§ **INPUT DATA**:
----

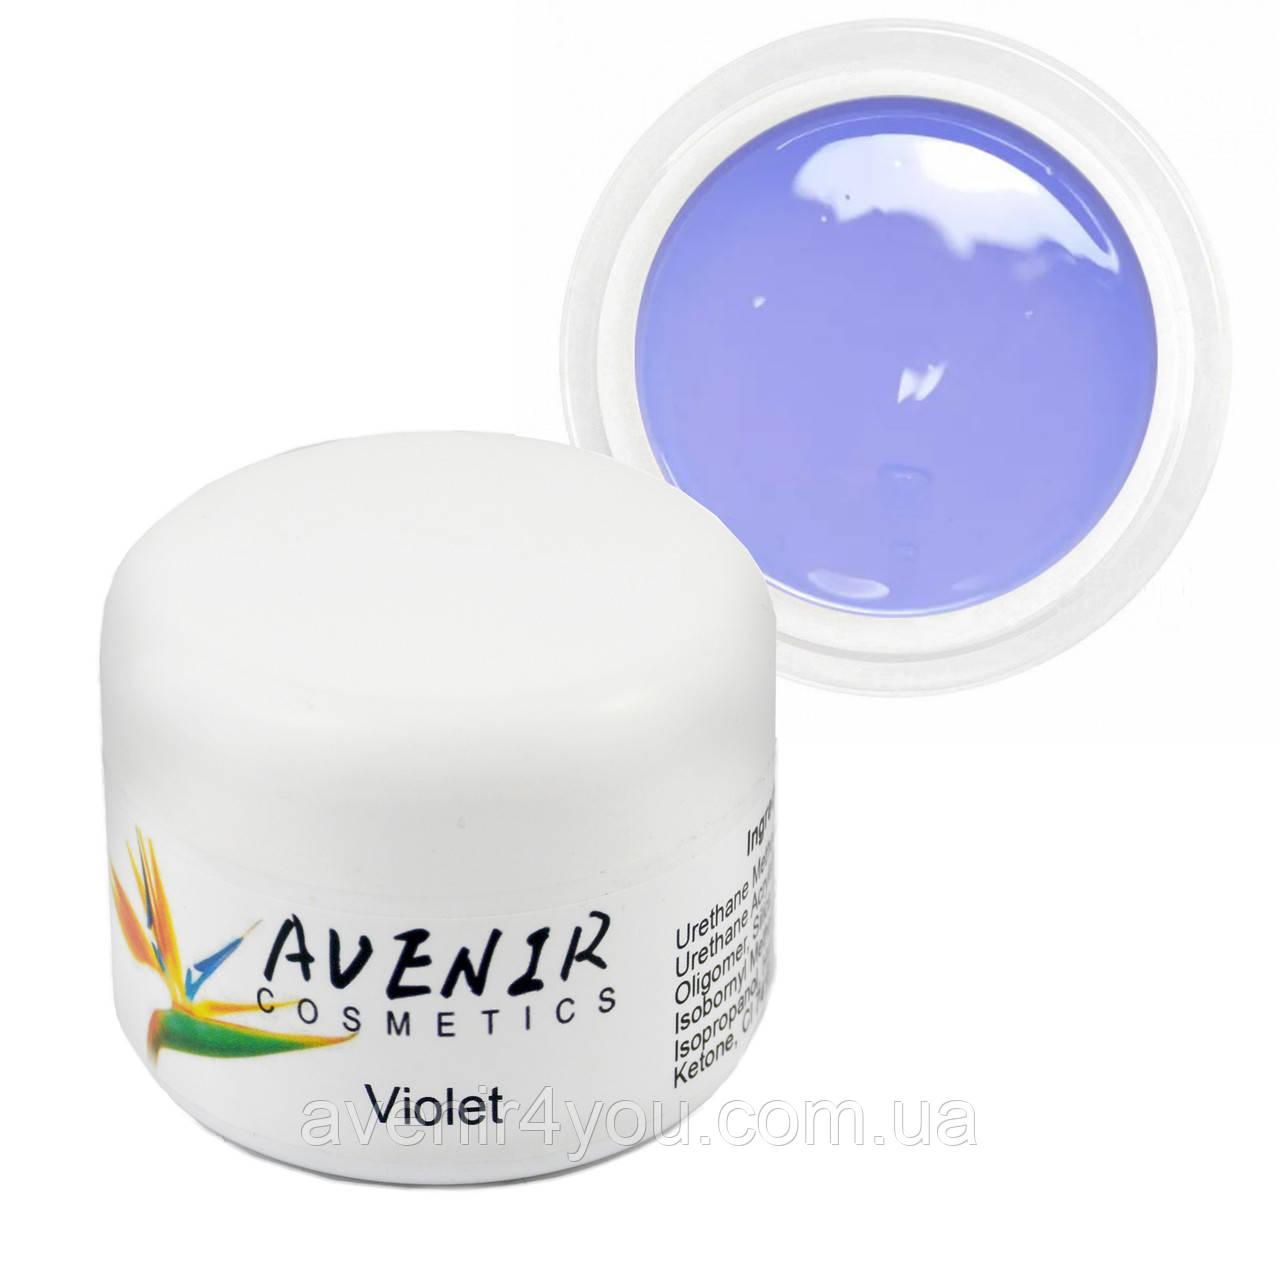 Гель для наращивания Violet Avenir 15 мл
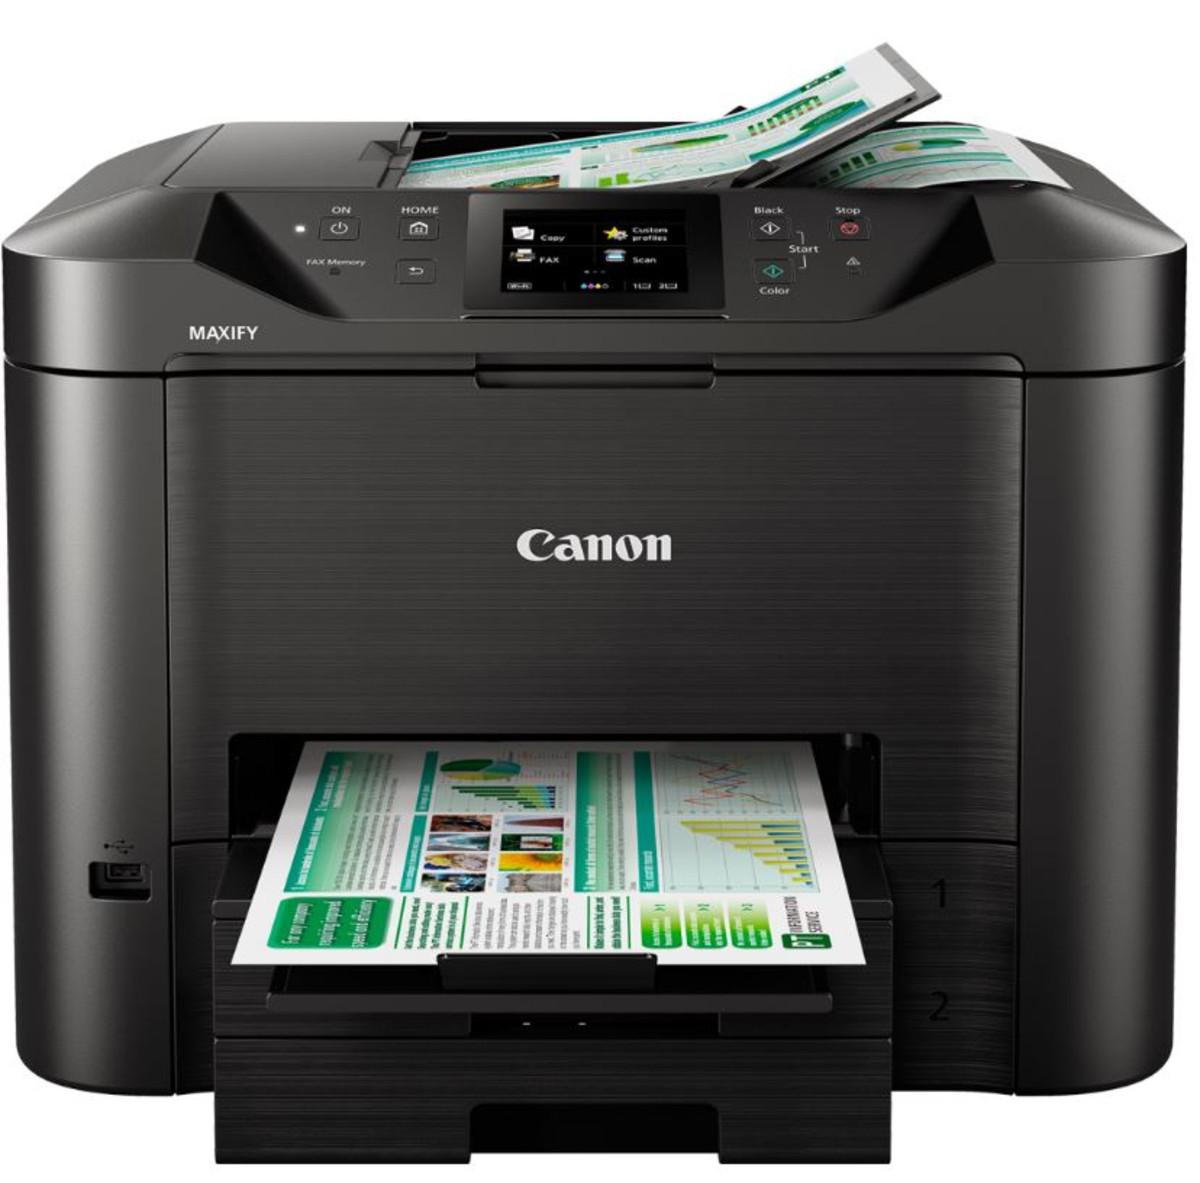 Canon Maxify MB5460 Inkjet Printer
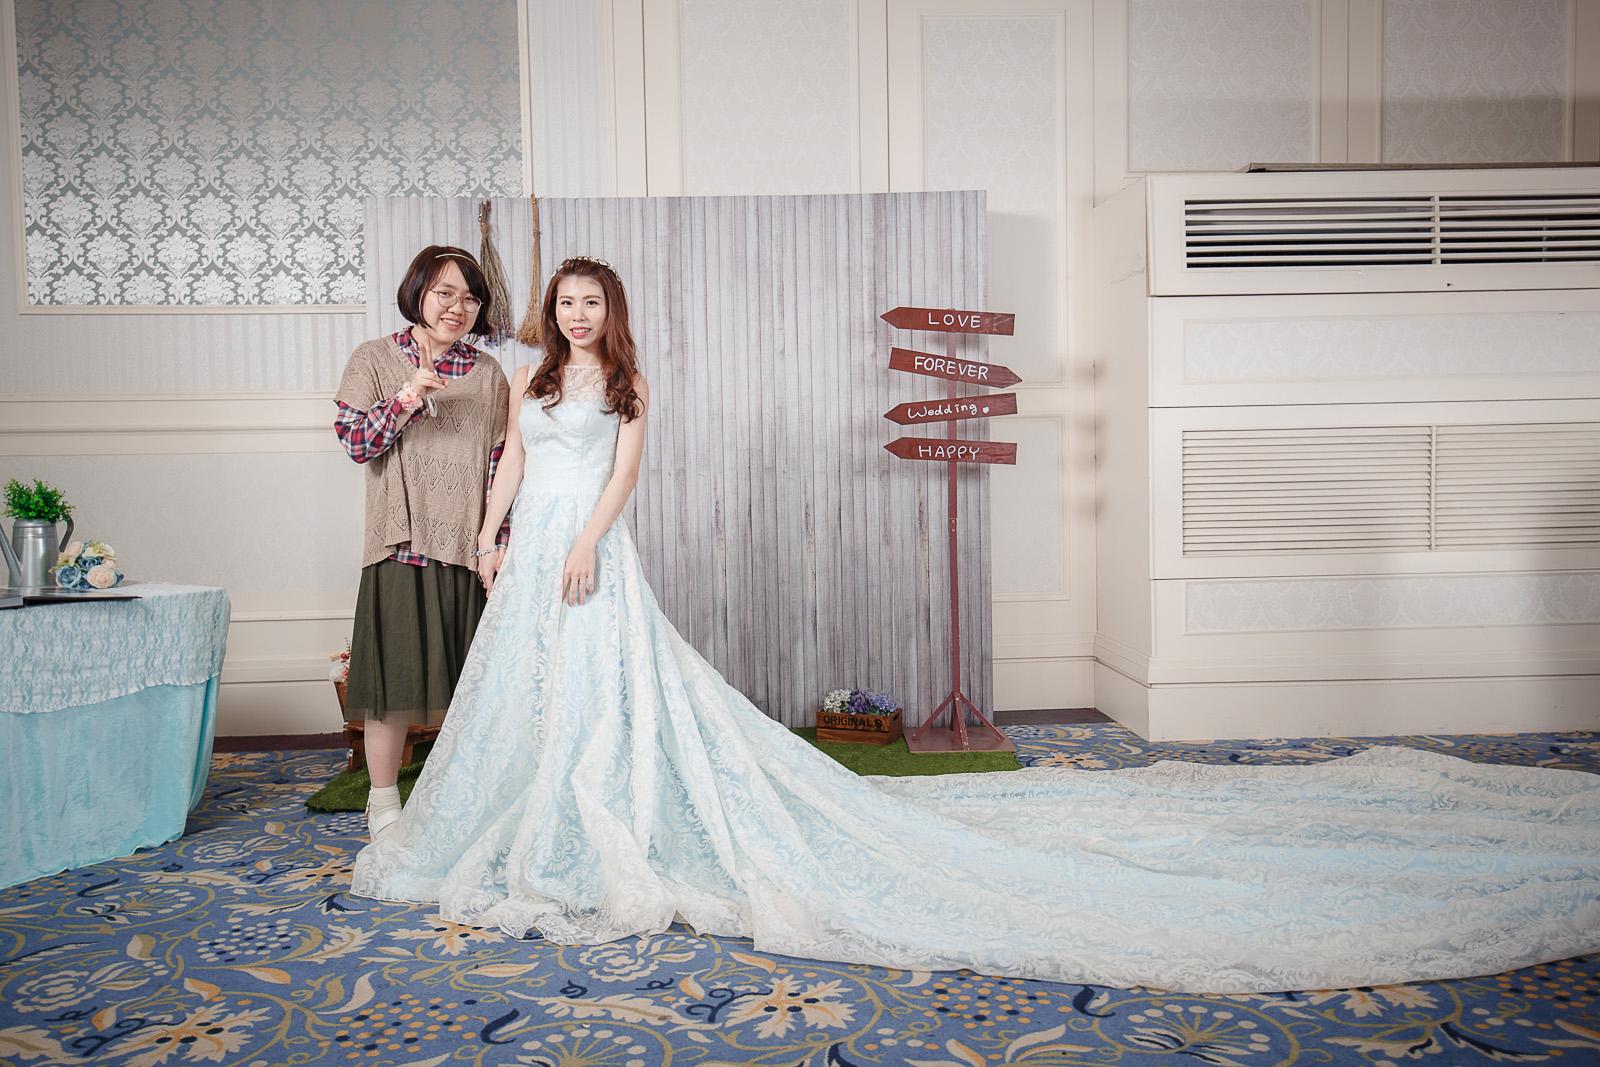 高雄圓山飯店,婚禮攝影,婚攝,高雄婚攝,優質婚攝推薦,Jen&Ethan-342
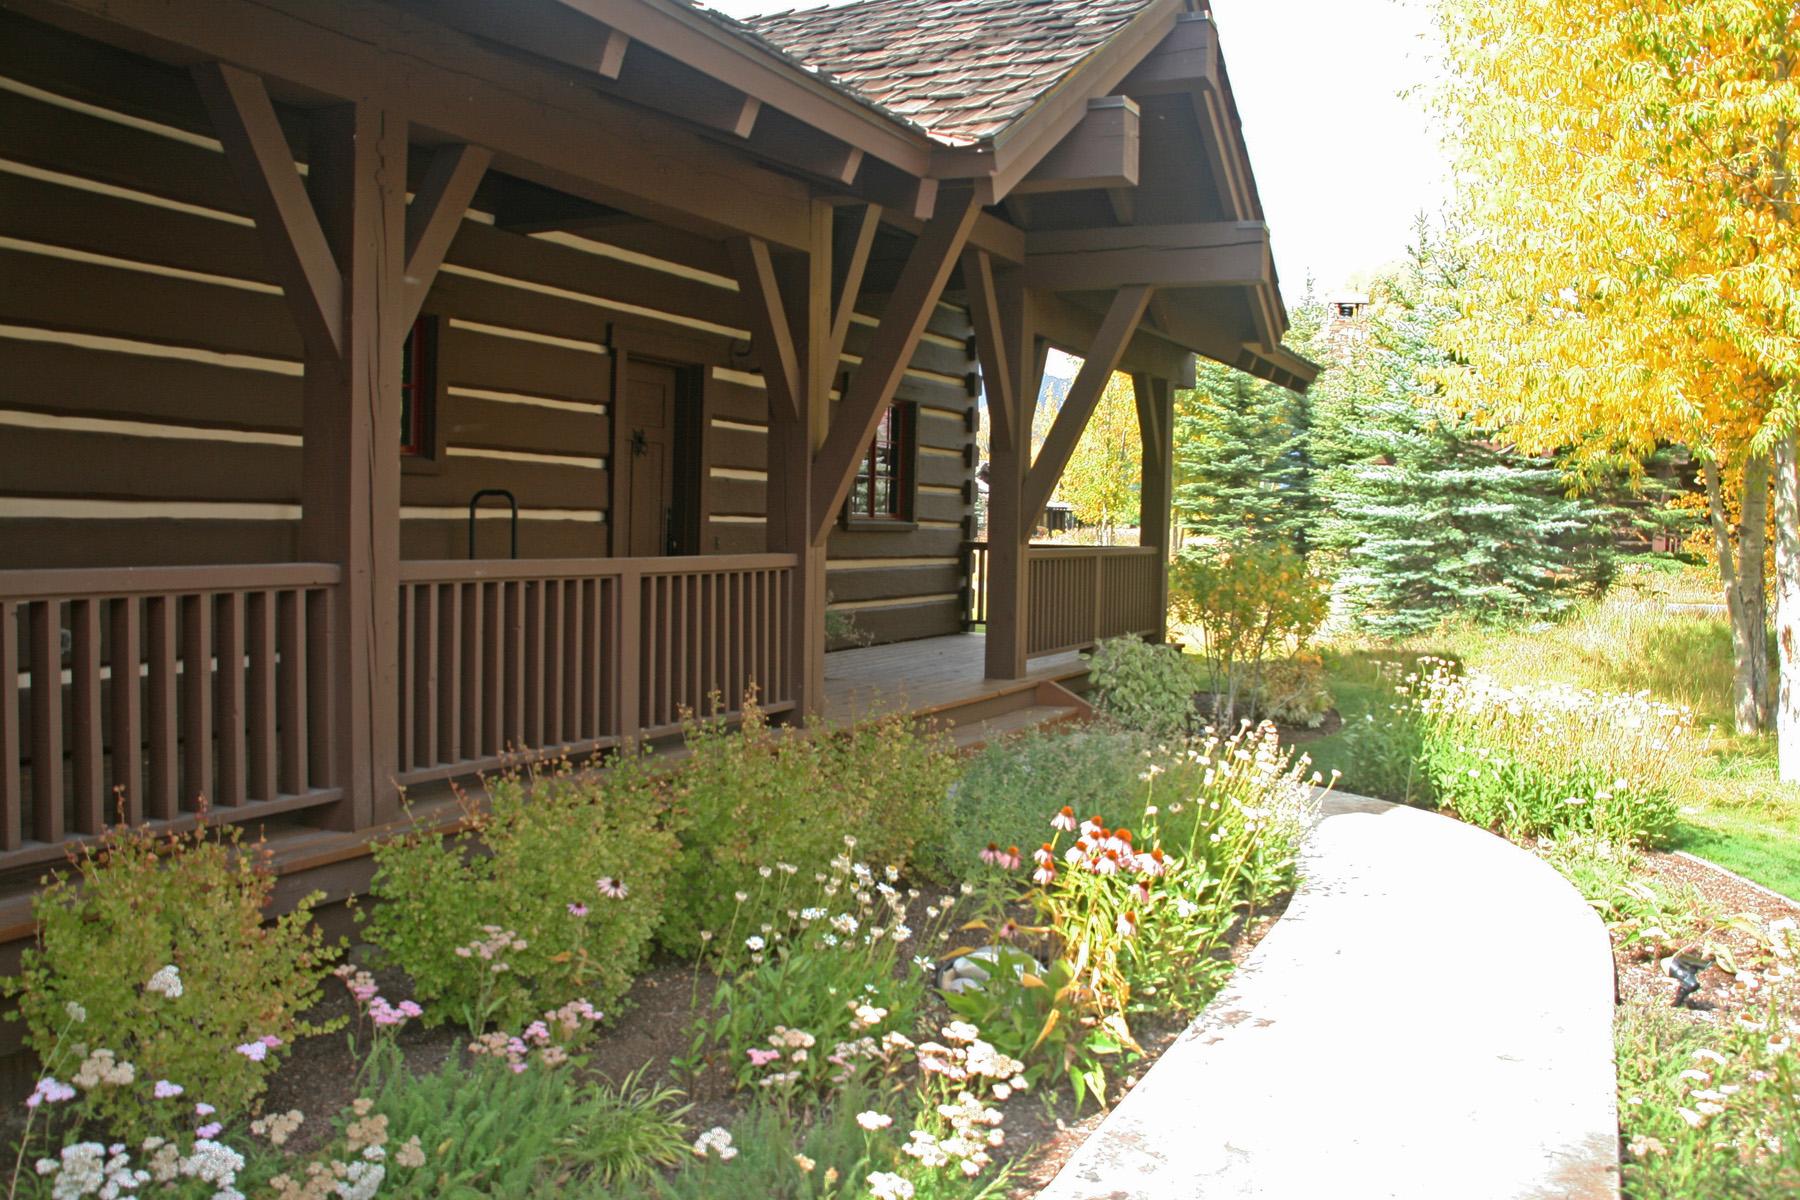 Maison unifamiliale pour l Vente à Jackson Hole Golf and Tennis Cabin 5845 Mountain Mahogany Lane Jackson, Wyoming, 83001 Jackson Hole, États-Unis

----

§ **INSTRUCTIONS FOR THE TASK**: Every line of the data above should be quoted exactly. Omit the pictures.

§ **SOLVED PROBLEM**:
 Гель для наращивания Violet Avenir 15 мл
 Canon Maxify MB5460 Inkjet Printer
 高雄圓山飯店,婚禮攝影,婚攝,高雄婚攝,優質婚攝推薦,Jen&Ethan-342
 Maison unifamiliale pour l Vente à Jackson Hole Golf and Tennis Cabin 5845 Mountain Mahogany Lane Jackson, Wyoming, 83001 Jackson Hole, États-Unis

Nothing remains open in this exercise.